§ TASK PROMPT: Before copying, set the pictures aside; then repeat every line below verbatim.

··· DATA BELOW

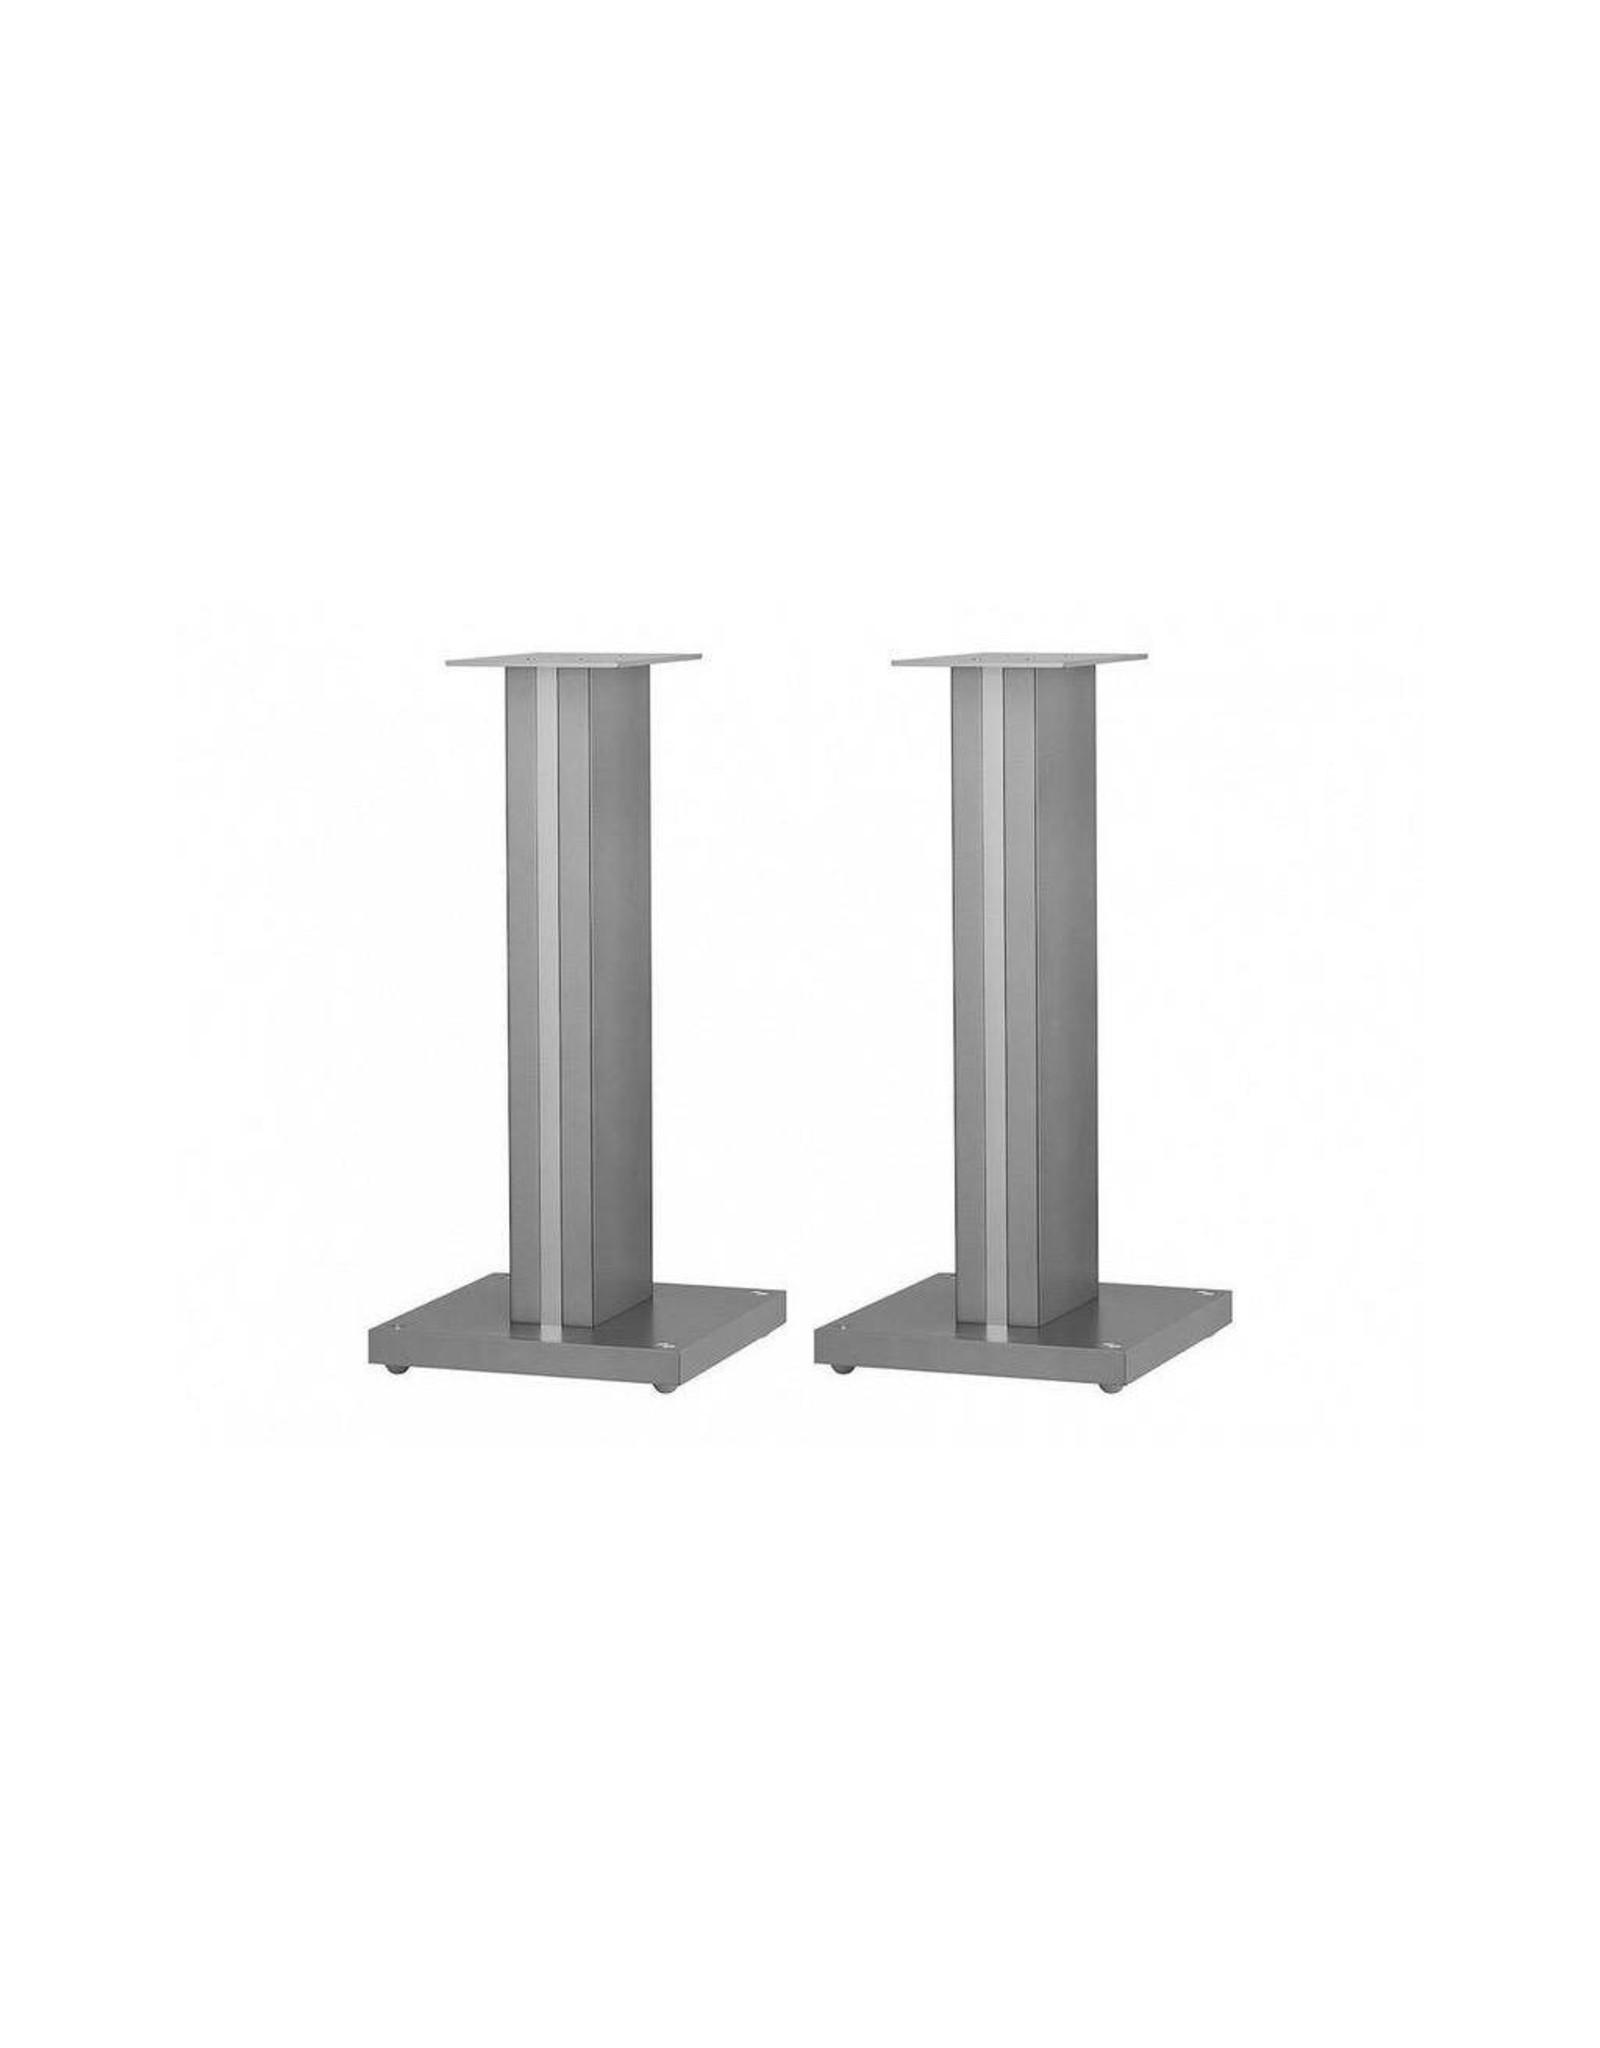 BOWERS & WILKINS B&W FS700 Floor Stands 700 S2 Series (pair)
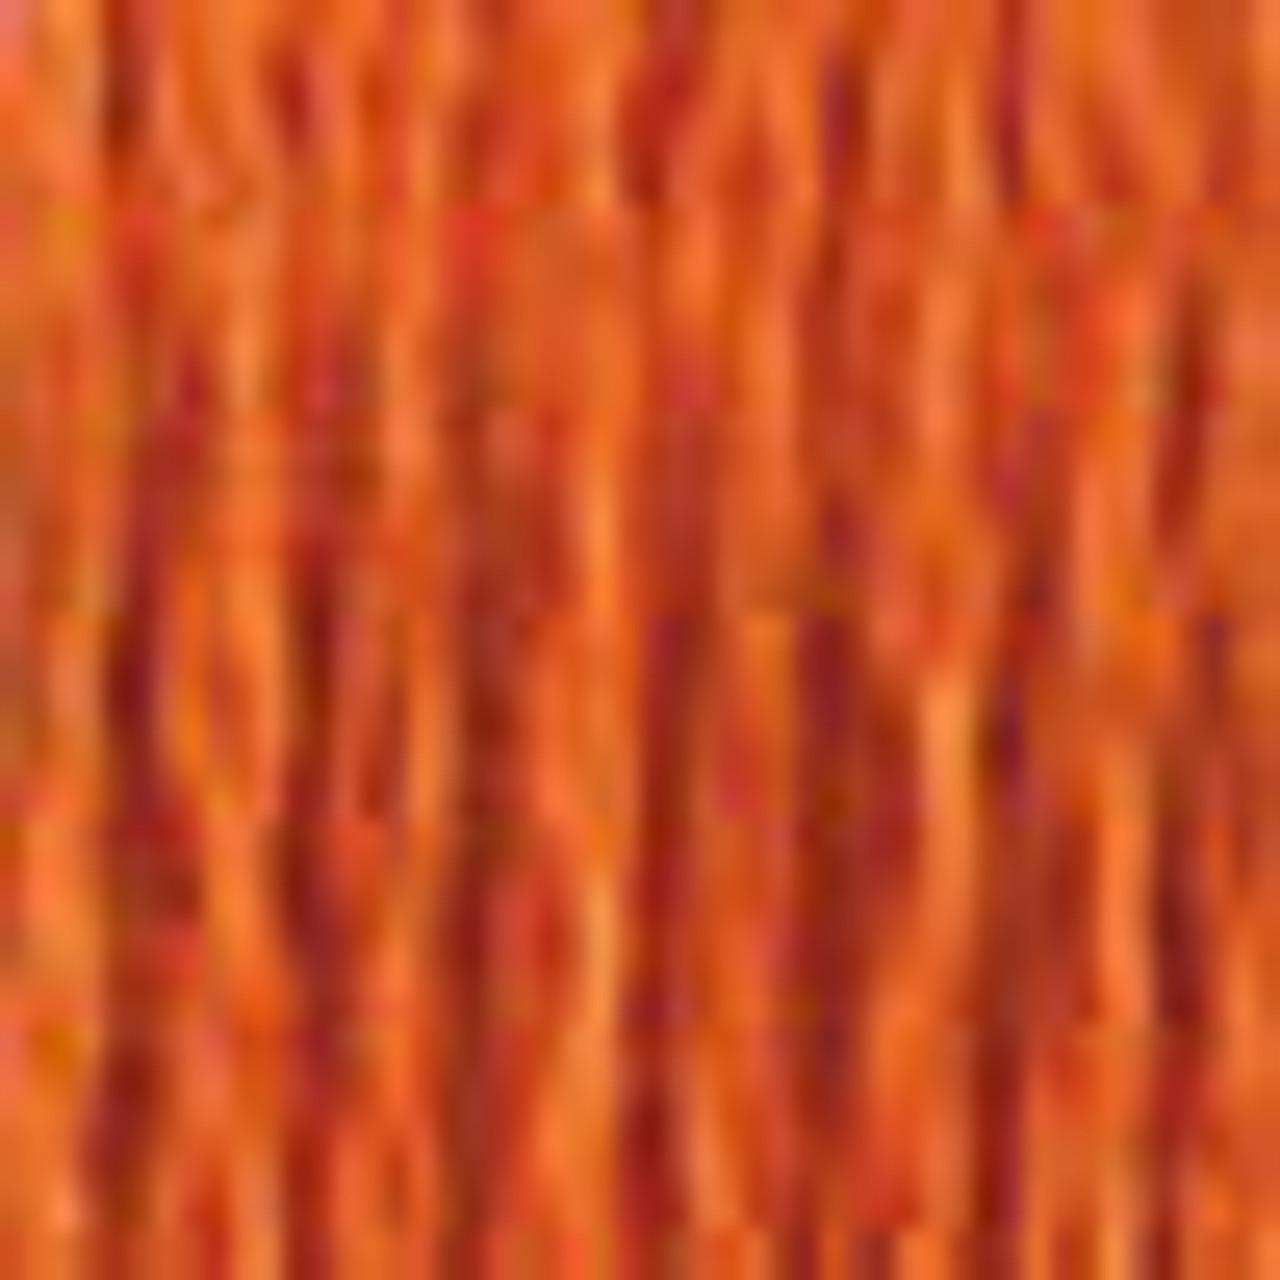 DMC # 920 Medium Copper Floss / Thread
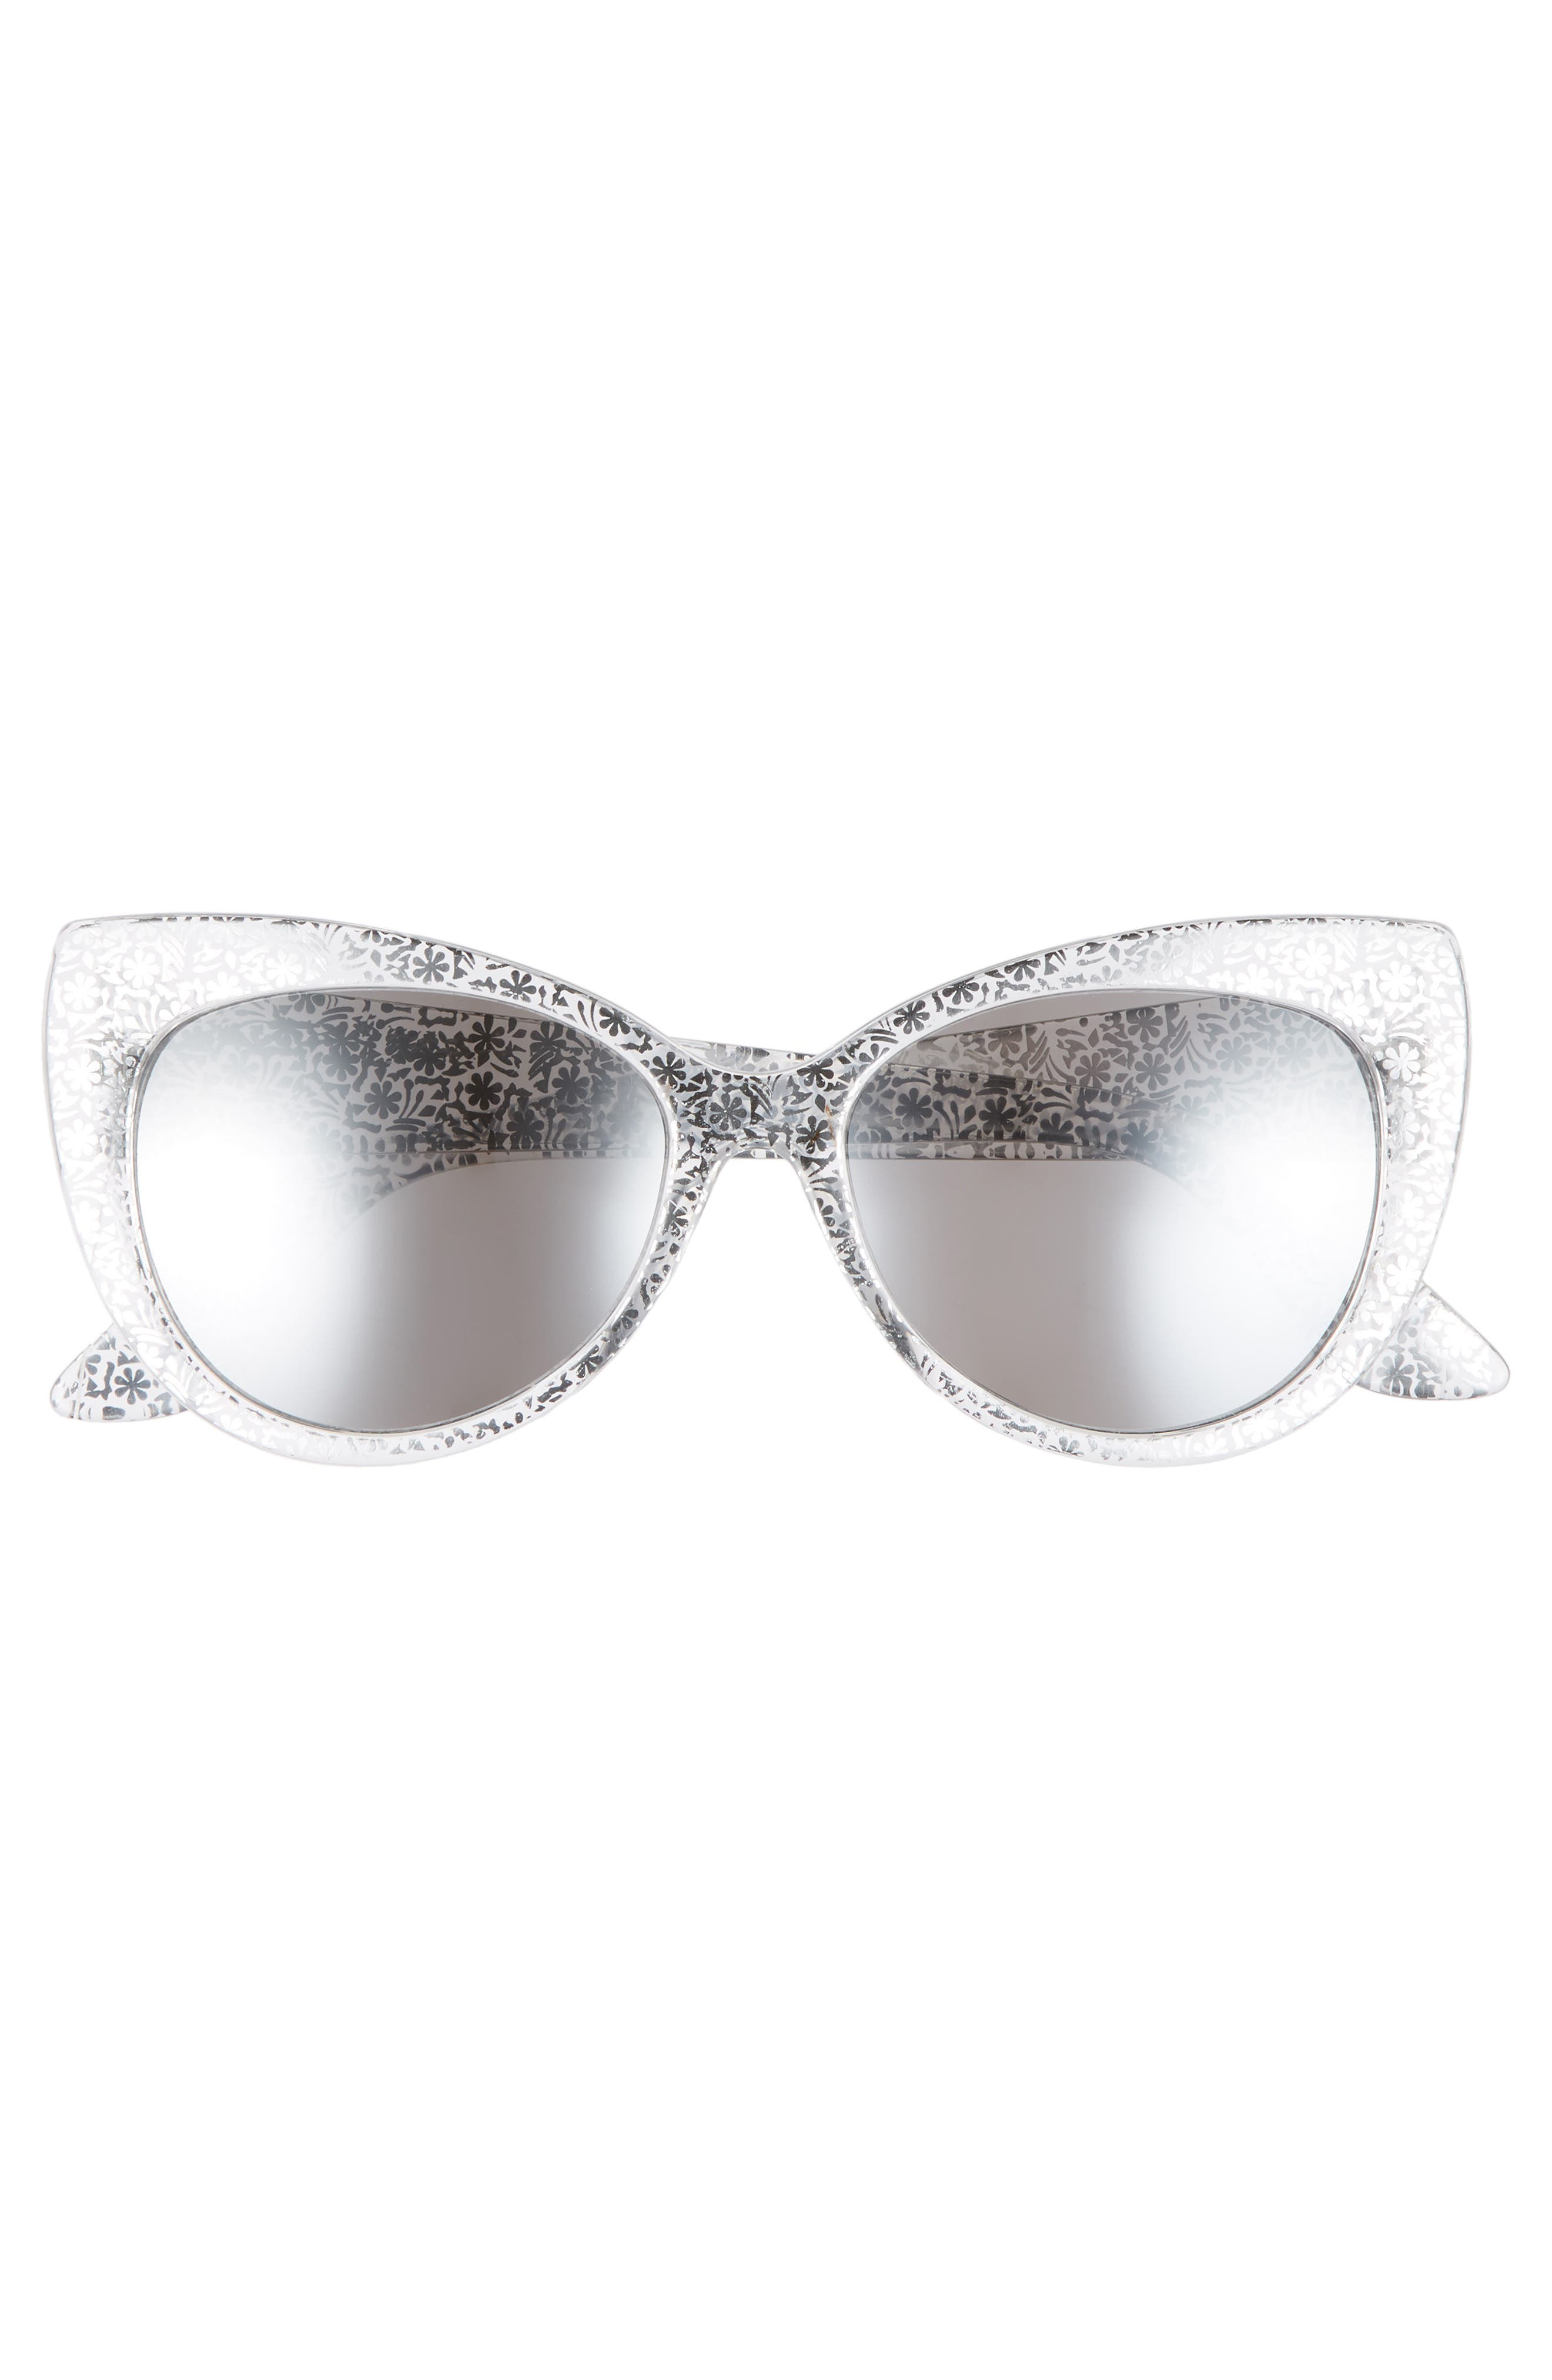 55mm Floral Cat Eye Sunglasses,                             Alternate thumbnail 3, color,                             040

······

§ WRITTEN REPLY:
 BOWERS & WILKINS B&W FS700 Floor Stands 700 S2 Series (pair)
 DMC # 920 Medium Copper Floss / Thread
 55mm Floral Cat Eye Sunglasses,                             Alternate thumbnail 3, color,                             040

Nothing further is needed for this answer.